This can be terrible for users, since most often a process is going to fork() and then exec() a very small program. And it seems nonsensical for fork() to fail with ENOMEM when it appears that there is lots of free memory left. But to ensure memory is strictly handled, that's what you have to do.

The alternative, which most distributions use, is to optimistically allocate memory. Let the fork() and other calls succeed. But you run the risk of the child process crashing at any point in the future when it touches its own 'confirmed' memory and the OS being unable to allocate space for it. So the memory failures are not discovered at system call points. There's no return code to spot the out of memory condition. The OS can't even freeze up until memory is available because there's no guarantee that memory will become available.

smtddr · on April 6, 2014

Well that's even more interesting! So you can have a program appear to be stuck and not know why! At least now I know I can use mlock() everywhere to determine if it locked on a write to promised-but-not-yet-available memory.

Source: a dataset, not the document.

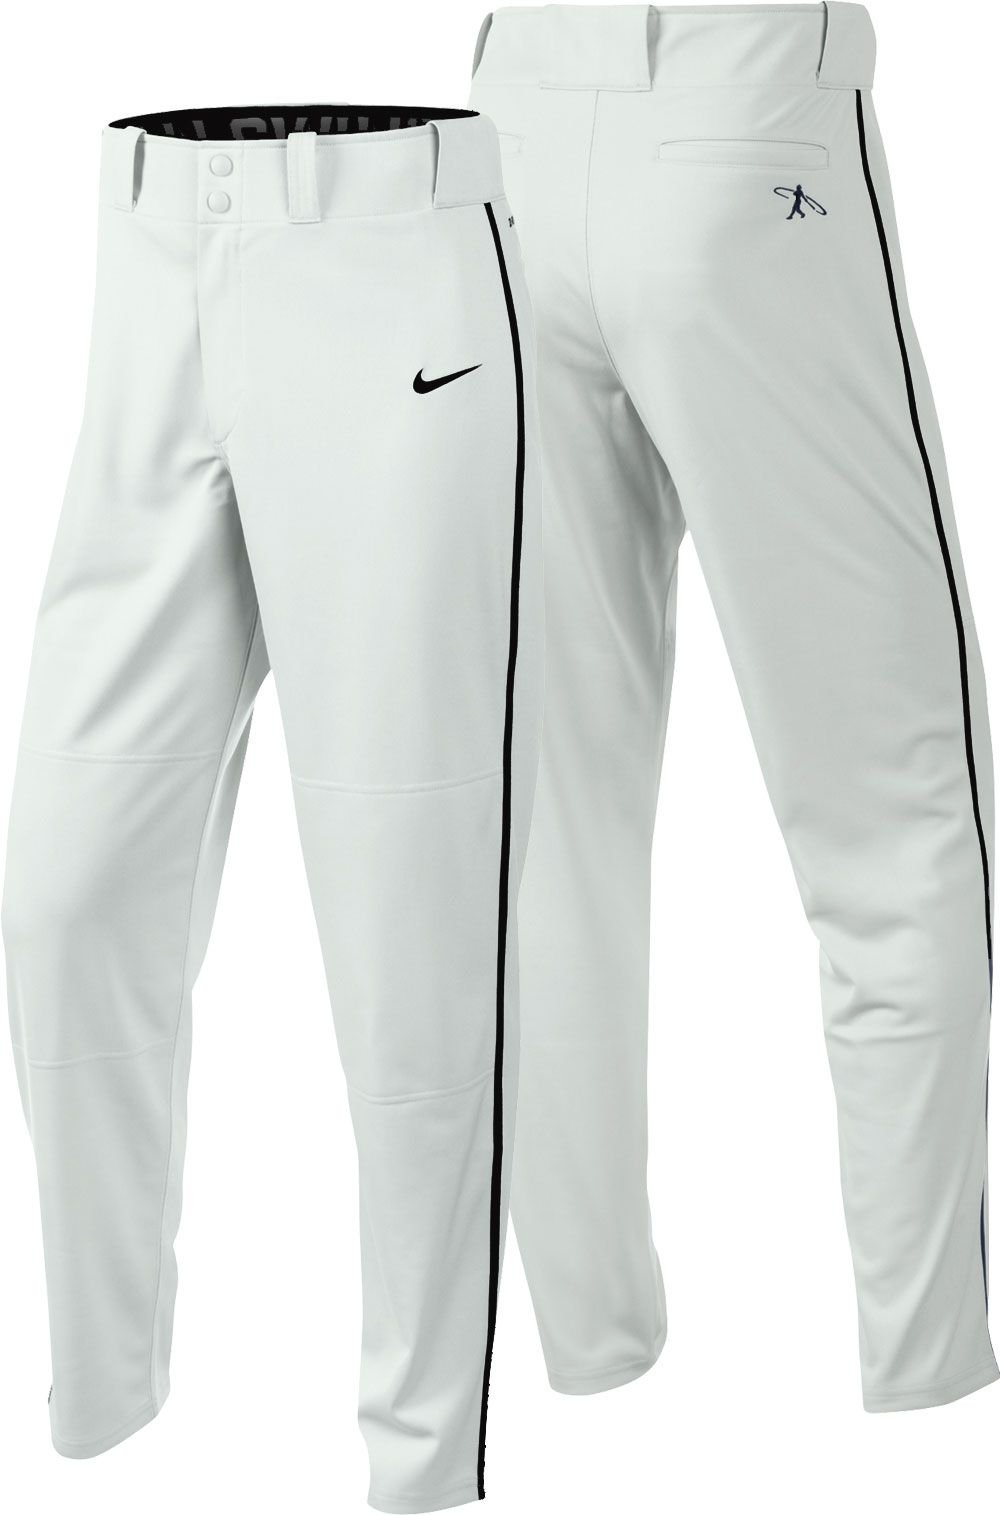 Nike Boys Swingman Dri-FIT Piped Baseball Pants (White/Black, Medium) by Nike (Image #1)

joosters · on April 6, 2014

No. All you can do is try writing to it and see what happens (you can catch the segfault though).

http://opsmonkey.blogspot.co.uk/2007/01/linux-memory-overcom... has some more info.

srean · on April 6, 2014

Failure or not, this is the highway to shitty software with bad user experience (except for very special cases where it makes sense).

For me the funniest part has been that the people who seem entitled to write sloppy software are the exact same set who would have the shrillest voices complaining that firefox is so slow and bloated (although its not anymore)

Many believe that its OK to hog memory, that it is an infinite resource. Many believe it is OK to be slow as long as it meets specs. Many believe your user application is the only application that the user will be running at any point in time. However, when your competition does it leaner and faster, you (not you personally, a generic software) are mostly going to be toast.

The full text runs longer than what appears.